*** Extracted data Section Begins ***

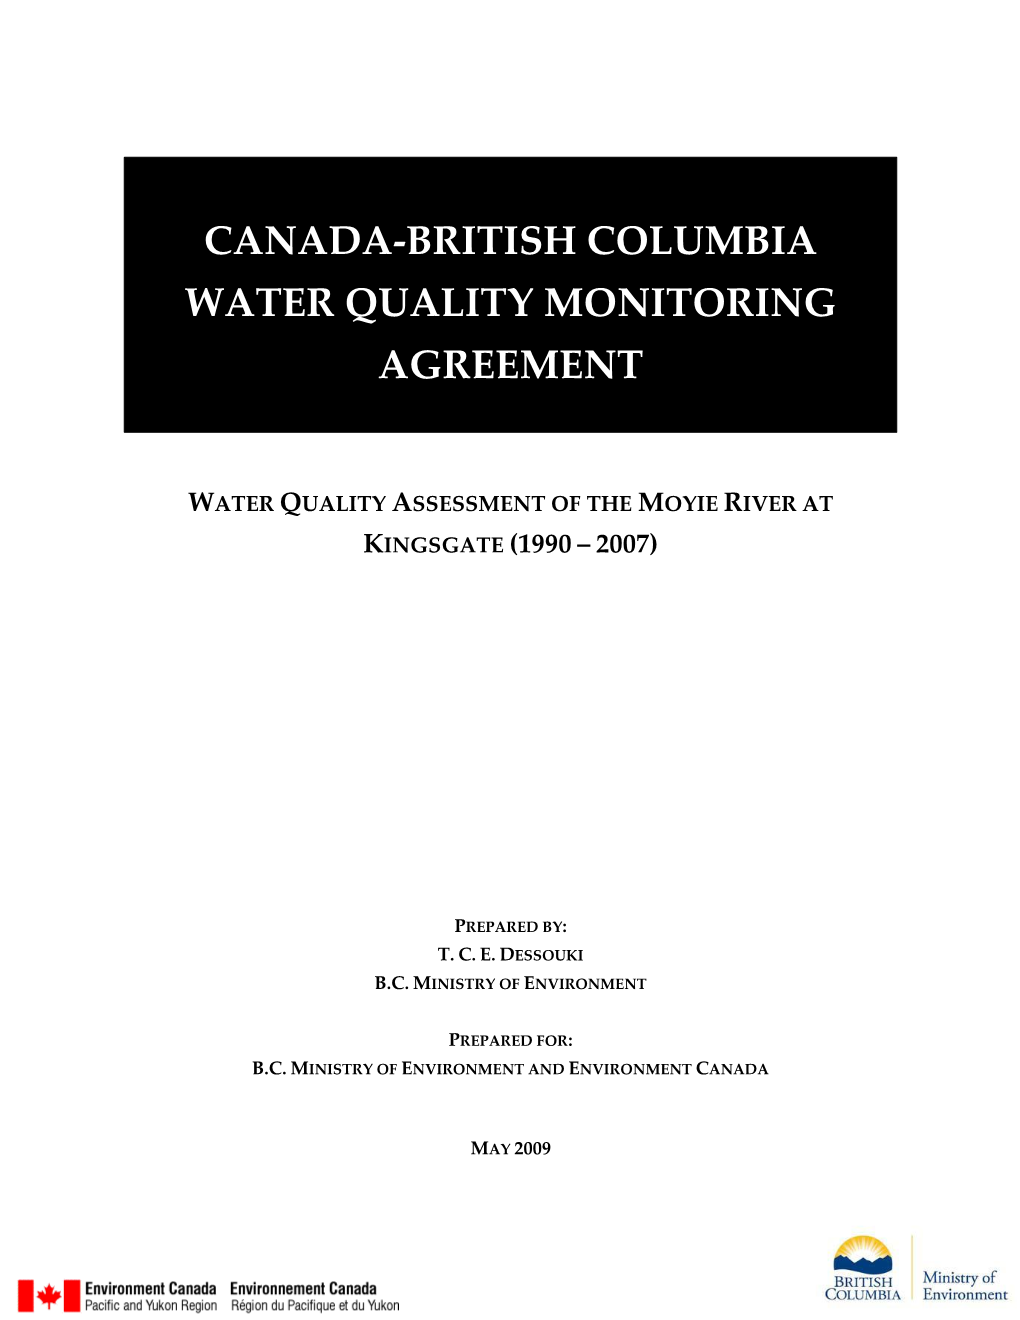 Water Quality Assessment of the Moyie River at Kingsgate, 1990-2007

*** Extracted data Section Ends ***
*** Extracted data Section Begins ***

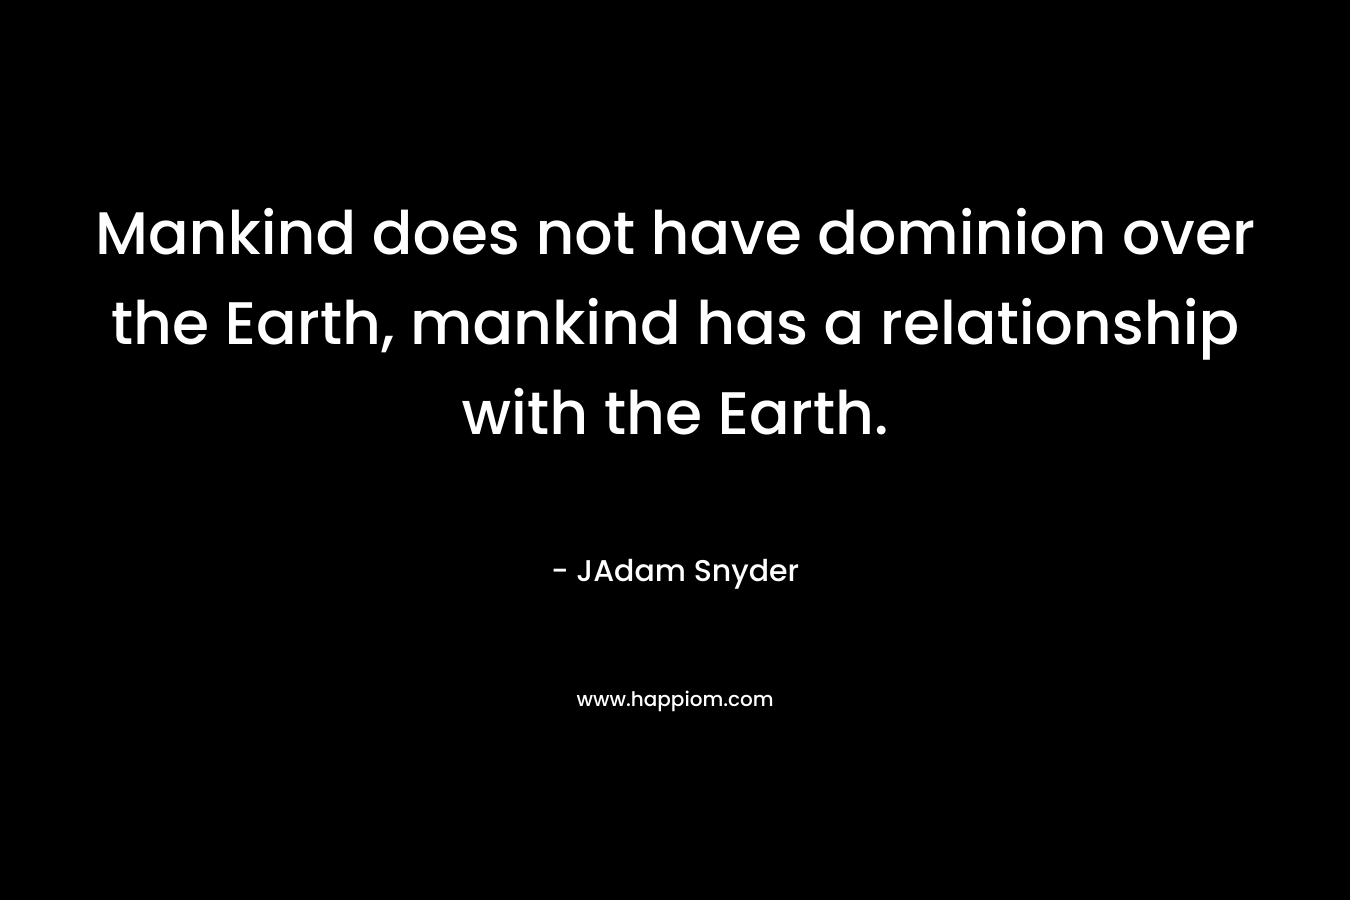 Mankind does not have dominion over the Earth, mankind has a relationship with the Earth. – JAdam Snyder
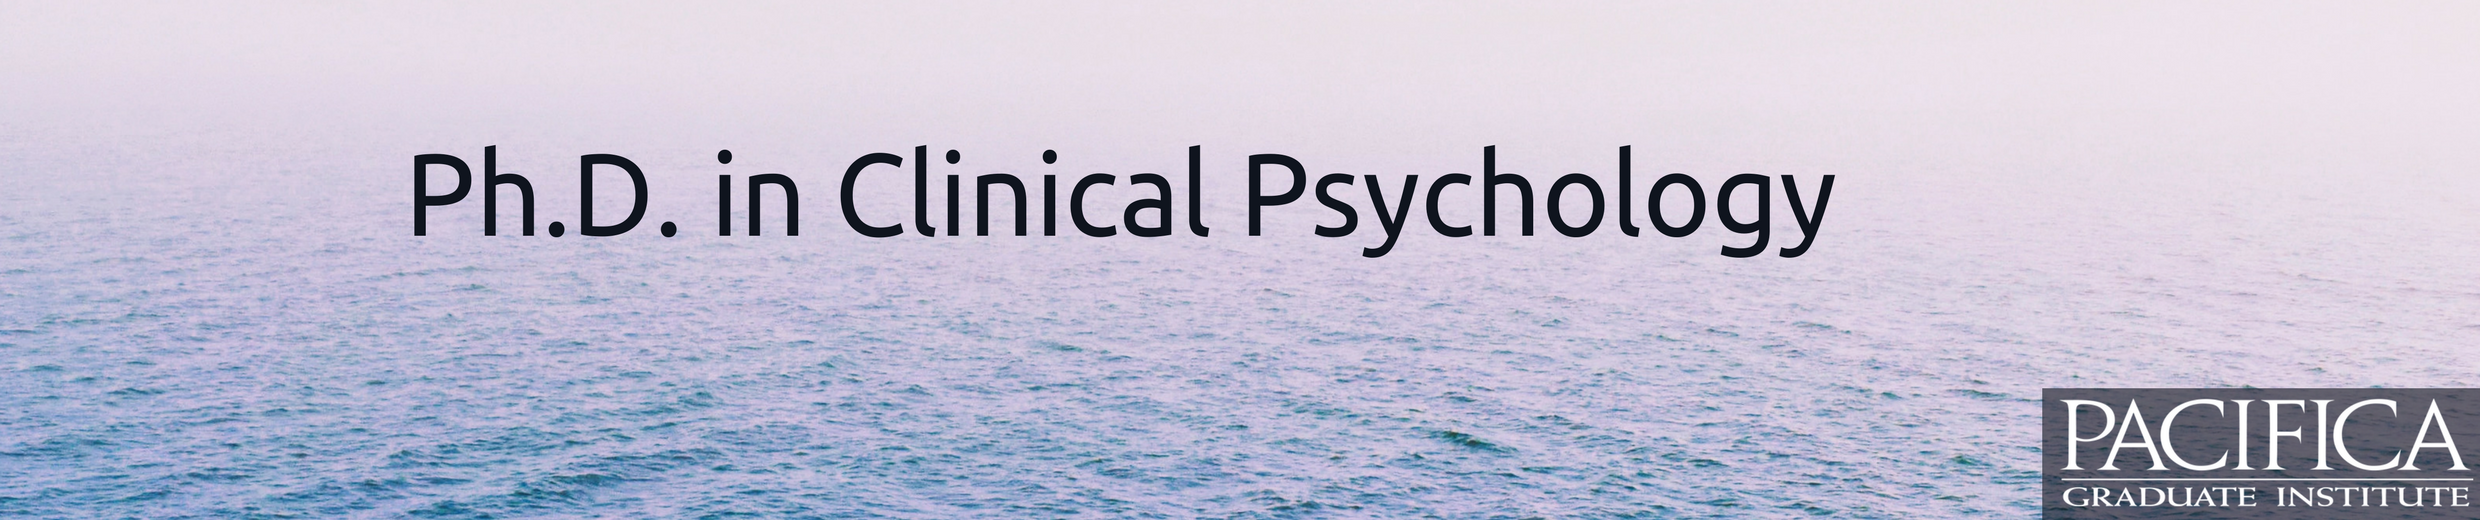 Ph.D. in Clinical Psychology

*** Extracted data Section Ends ***

Task to complete:
When you reach the line with "Mankind does not" in the records above, start writing out each line exactly, and stop after the line with "Ph.D. in Clinical Psychology". Pictures stay out.

Answer section:
 Mankind does not have dominion over the Earth, mankind has a relationship with the Earth. – JAdam Snyder
 Ph.D. in Clinical Psychology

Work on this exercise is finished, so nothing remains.